→ INPUT MATERIAL
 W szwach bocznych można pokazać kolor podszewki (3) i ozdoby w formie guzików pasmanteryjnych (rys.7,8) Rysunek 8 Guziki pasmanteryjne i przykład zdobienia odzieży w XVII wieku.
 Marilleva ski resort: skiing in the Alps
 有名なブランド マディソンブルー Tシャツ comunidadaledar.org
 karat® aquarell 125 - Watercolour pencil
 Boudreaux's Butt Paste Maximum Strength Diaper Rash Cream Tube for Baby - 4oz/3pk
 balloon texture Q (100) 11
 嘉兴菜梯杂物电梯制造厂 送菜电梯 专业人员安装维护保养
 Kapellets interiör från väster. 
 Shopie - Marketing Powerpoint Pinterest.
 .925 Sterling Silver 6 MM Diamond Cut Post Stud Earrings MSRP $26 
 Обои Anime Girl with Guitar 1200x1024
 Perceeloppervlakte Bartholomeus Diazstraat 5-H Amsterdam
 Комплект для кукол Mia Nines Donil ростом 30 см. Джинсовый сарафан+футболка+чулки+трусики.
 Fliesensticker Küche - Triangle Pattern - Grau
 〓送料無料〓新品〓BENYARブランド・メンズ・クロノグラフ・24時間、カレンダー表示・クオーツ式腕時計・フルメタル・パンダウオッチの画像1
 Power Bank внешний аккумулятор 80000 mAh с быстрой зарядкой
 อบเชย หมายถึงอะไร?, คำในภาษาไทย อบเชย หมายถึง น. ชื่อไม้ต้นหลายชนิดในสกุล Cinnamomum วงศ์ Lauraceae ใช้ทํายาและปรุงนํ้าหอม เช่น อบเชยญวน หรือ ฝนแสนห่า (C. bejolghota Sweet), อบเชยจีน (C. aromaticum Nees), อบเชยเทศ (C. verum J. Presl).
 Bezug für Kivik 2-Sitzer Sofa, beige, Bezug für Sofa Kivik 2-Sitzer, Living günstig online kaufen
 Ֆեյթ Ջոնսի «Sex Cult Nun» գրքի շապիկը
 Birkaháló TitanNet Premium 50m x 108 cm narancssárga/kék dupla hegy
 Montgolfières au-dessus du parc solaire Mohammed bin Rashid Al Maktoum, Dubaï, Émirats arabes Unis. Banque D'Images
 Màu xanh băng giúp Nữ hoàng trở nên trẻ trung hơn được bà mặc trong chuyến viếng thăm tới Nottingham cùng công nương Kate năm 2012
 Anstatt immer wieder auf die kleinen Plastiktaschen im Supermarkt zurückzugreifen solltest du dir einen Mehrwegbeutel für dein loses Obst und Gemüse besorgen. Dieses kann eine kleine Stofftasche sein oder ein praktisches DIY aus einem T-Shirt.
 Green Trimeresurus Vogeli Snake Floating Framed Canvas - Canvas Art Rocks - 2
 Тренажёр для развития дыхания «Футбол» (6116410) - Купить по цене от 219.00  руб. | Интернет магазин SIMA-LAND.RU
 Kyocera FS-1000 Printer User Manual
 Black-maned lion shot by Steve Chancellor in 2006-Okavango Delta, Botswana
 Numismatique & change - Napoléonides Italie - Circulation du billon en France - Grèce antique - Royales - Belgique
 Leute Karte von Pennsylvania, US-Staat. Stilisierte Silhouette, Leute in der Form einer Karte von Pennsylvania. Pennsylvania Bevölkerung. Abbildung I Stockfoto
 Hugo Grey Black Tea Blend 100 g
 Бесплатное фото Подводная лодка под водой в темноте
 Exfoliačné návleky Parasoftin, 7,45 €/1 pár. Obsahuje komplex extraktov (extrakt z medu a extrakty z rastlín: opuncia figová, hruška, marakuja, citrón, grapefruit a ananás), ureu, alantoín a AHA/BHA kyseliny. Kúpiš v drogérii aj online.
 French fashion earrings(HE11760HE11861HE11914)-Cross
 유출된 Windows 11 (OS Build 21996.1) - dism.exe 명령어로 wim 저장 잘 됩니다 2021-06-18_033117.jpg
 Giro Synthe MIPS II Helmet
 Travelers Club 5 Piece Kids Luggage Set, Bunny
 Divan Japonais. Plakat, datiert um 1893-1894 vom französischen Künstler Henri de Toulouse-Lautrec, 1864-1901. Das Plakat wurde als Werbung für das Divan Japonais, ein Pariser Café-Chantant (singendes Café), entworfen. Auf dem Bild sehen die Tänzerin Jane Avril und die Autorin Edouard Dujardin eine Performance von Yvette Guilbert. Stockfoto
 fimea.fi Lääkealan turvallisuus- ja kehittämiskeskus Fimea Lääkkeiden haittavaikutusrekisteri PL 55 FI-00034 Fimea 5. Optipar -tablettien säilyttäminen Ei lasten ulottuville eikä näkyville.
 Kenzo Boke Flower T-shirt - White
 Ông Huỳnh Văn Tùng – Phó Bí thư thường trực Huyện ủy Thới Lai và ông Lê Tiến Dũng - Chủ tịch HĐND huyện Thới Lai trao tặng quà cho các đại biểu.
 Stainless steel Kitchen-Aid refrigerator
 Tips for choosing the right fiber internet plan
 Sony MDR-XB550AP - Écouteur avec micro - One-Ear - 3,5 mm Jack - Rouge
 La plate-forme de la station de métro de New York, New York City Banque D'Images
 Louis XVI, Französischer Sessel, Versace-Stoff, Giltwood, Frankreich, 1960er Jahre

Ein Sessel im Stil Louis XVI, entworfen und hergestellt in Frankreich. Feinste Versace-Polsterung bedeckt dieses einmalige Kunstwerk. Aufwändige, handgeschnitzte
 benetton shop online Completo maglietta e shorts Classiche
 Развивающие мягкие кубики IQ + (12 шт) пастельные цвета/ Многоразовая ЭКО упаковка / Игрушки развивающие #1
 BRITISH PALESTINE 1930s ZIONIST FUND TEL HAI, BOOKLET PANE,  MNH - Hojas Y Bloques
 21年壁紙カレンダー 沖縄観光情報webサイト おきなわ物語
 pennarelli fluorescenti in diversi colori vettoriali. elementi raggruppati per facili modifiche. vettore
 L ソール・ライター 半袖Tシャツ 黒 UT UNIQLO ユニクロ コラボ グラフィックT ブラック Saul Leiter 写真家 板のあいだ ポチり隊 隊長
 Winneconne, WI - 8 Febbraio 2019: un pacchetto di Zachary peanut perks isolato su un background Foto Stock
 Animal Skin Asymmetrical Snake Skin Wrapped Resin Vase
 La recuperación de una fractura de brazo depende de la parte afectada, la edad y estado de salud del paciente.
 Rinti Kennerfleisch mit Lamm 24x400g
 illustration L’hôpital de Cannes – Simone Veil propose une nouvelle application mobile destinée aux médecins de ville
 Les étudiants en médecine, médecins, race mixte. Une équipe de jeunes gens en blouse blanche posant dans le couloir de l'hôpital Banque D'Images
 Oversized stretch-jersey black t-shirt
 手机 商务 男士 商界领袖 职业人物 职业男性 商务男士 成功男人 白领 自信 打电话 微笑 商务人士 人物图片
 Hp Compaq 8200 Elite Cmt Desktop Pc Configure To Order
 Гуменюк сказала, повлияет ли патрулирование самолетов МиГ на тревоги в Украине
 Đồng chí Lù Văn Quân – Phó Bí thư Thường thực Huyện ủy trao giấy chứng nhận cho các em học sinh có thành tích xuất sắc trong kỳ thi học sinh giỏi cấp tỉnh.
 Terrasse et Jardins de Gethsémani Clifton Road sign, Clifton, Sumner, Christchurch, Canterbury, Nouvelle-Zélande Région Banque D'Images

→ PROBLEM REQUIREMENTS
Please make an exact copy of the entries, down to the last character.

→ SOLUTION
 W szwach bocznych można pokazać kolor podszewki (3) i ozdoby w formie guzików pasmanteryjnych (rys.7,8) Rysunek 8 Guziki pasmanteryjne i przykład zdobienia odzieży w XVII wieku.
 Marilleva ski resort: skiing in the Alps
 有名なブランド マディソンブルー Tシャツ comunidadaledar.org
 karat® aquarell 125 - Watercolour pencil
 Boudreaux's Butt Paste Maximum Strength Diaper Rash Cream Tube for Baby - 4oz/3pk
 balloon texture Q (100) 11
 嘉兴菜梯杂物电梯制造厂 送菜电梯 专业人员安装维护保养
 Kapellets interiör från väster. 
 Shopie - Marketing Powerpoint Pinterest.
 .925 Sterling Silver 6 MM Diamond Cut Post Stud Earrings MSRP $26 
 Обои Anime Girl with Guitar 1200x1024
 Perceeloppervlakte Bartholomeus Diazstraat 5-H Amsterdam
 Комплект для кукол Mia Nines Donil ростом 30 см. Джинсовый сарафан+футболка+чулки+трусики.
 Fliesensticker Küche - Triangle Pattern - Grau
 〓送料無料〓新品〓BENYARブランド・メンズ・クロノグラフ・24時間、カレンダー表示・クオーツ式腕時計・フルメタル・パンダウオッチの画像1
 Power Bank внешний аккумулятор 80000 mAh с быстрой зарядкой
 อบเชย หมายถึงอะไร?, คำในภาษาไทย อบเชย หมายถึง น. ชื่อไม้ต้นหลายชนิดในสกุล Cinnamomum วงศ์ Lauraceae ใช้ทํายาและปรุงนํ้าหอม เช่น อบเชยญวน หรือ ฝนแสนห่า (C. bejolghota Sweet), อบเชยจีน (C. aromaticum Nees), อบเชยเทศ (C. verum J. Presl).
 Bezug für Kivik 2-Sitzer Sofa, beige, Bezug für Sofa Kivik 2-Sitzer, Living günstig online kaufen
 Ֆեյթ Ջոնսի «Sex Cult Nun» գրքի շապիկը
 Birkaháló TitanNet Premium 50m x 108 cm narancssárga/kék dupla hegy
 Montgolfières au-dessus du parc solaire Mohammed bin Rashid Al Maktoum, Dubaï, Émirats arabes Unis. Banque D'Images
 Màu xanh băng giúp Nữ hoàng trở nên trẻ trung hơn được bà mặc trong chuyến viếng thăm tới Nottingham cùng công nương Kate năm 2012
 Anstatt immer wieder auf die kleinen Plastiktaschen im Supermarkt zurückzugreifen solltest du dir einen Mehrwegbeutel für dein loses Obst und Gemüse besorgen. Dieses kann eine kleine Stofftasche sein oder ein praktisches DIY aus einem T-Shirt.
 Green Trimeresurus Vogeli Snake Floating Framed Canvas - Canvas Art Rocks - 2
 Тренажёр для развития дыхания «Футбол» (6116410) - Купить по цене от 219.00  руб. | Интернет магазин SIMA-LAND.RU
 Kyocera FS-1000 Printer User Manual
 Black-maned lion shot by Steve Chancellor in 2006-Okavango Delta, Botswana
 Numismatique & change - Napoléonides Italie - Circulation du billon en France - Grèce antique - Royales - Belgique
 Leute Karte von Pennsylvania, US-Staat. Stilisierte Silhouette, Leute in der Form einer Karte von Pennsylvania. Pennsylvania Bevölkerung. Abbildung I Stockfoto
 Hugo Grey Black Tea Blend 100 g
 Бесплатное фото Подводная лодка под водой в темноте
 Exfoliačné návleky Parasoftin, 7,45 €/1 pár. Obsahuje komplex extraktov (extrakt z medu a extrakty z rastlín: opuncia figová, hruška, marakuja, citrón, grapefruit a ananás), ureu, alantoín a AHA/BHA kyseliny. Kúpiš v drogérii aj online.
 French fashion earrings(HE11760HE11861HE11914)-Cross
 유출된 Windows 11 (OS Build 21996.1) - dism.exe 명령어로 wim 저장 잘 됩니다 2021-06-18_033117.jpg
 Giro Synthe MIPS II Helmet
 Travelers Club 5 Piece Kids Luggage Set, Bunny
 Divan Japonais. Plakat, datiert um 1893-1894 vom französischen Künstler Henri de Toulouse-Lautrec, 1864-1901. Das Plakat wurde als Werbung für das Divan Japonais, ein Pariser Café-Chantant (singendes Café), entworfen. Auf dem Bild sehen die Tänzerin Jane Avril und die Autorin Edouard Dujardin eine Performance von Yvette Guilbert. Stockfoto
 fimea.fi Lääkealan turvallisuus- ja kehittämiskeskus Fimea Lääkkeiden haittavaikutusrekisteri PL 55 FI-00034 Fimea 5. Optipar -tablettien säilyttäminen Ei lasten ulottuville eikä näkyville.
 Kenzo Boke Flower T-shirt - White
 Ông Huỳnh Văn Tùng – Phó Bí thư thường trực Huyện ủy Thới Lai và ông Lê Tiến Dũng - Chủ tịch HĐND huyện Thới Lai trao tặng quà cho các đại biểu.
 Stainless steel Kitchen-Aid refrigerator
 Tips for choosing the right fiber internet plan
 Sony MDR-XB550AP - Écouteur avec micro - One-Ear - 3,5 mm Jack - Rouge
 La plate-forme de la station de métro de New York, New York City Banque D'Images
 Louis XVI, Französischer Sessel, Versace-Stoff, Giltwood, Frankreich, 1960er Jahre

Ein Sessel im Stil Louis XVI, entworfen und hergestellt in Frankreich. Feinste Versace-Polsterung bedeckt dieses einmalige Kunstwerk. Aufwändige, handgeschnitzte
 benetton shop online Completo maglietta e shorts Classiche
 Развивающие мягкие кубики IQ + (12 шт) пастельные цвета/ Многоразовая ЭКО упаковка / Игрушки развивающие #1
 BRITISH PALESTINE 1930s ZIONIST FUND TEL HAI, BOOKLET PANE,  MNH - Hojas Y Bloques
 21年壁紙カレンダー 沖縄観光情報webサイト おきなわ物語
 pennarelli fluorescenti in diversi colori vettoriali. elementi raggruppati per facili modifiche. vettore
 L ソール・ライター 半袖Tシャツ 黒 UT UNIQLO ユニクロ コラボ グラフィックT ブラック Saul Leiter 写真家 板のあいだ ポチり隊 隊長
 Winneconne, WI - 8 Febbraio 2019: un pacchetto di Zachary peanut perks isolato su un background Foto Stock
 Animal Skin Asymmetrical Snake Skin Wrapped Resin Vase
 La recuperación de una fractura de brazo depende de la parte afectada, la edad y estado de salud del paciente.
 Rinti Kennerfleisch mit Lamm 24x400g
 illustration L’hôpital de Cannes – Simone Veil propose une nouvelle application mobile destinée aux médecins de ville
 Les étudiants en médecine, médecins, race mixte. Une équipe de jeunes gens en blouse blanche posant dans le couloir de l'hôpital Banque D'Images
 Oversized stretch-jersey black t-shirt
 手机 商务 男士 商界领袖 职业人物 职业男性 商务男士 成功男人 白领 自信 打电话 微笑 商务人士 人物图片
 Hp Compaq 8200 Elite Cmt Desktop Pc Configure To Order
 Гуменюк сказала, повлияет ли патрулирование самолетов МиГ на тревоги в Украине
 Đồng chí Lù Văn Quân – Phó Bí thư Thường thực Huyện ủy trao giấy chứng nhận cho các em học sinh có thành tích xuất sắc trong kỳ thi học sinh giỏi cấp tỉnh.
 Terrasse et Jardins de Gethsémani Clifton Road sign, Clifton, Sumner, Christchurch, Canterbury, Nouvelle-Zélande Région Banque D'Images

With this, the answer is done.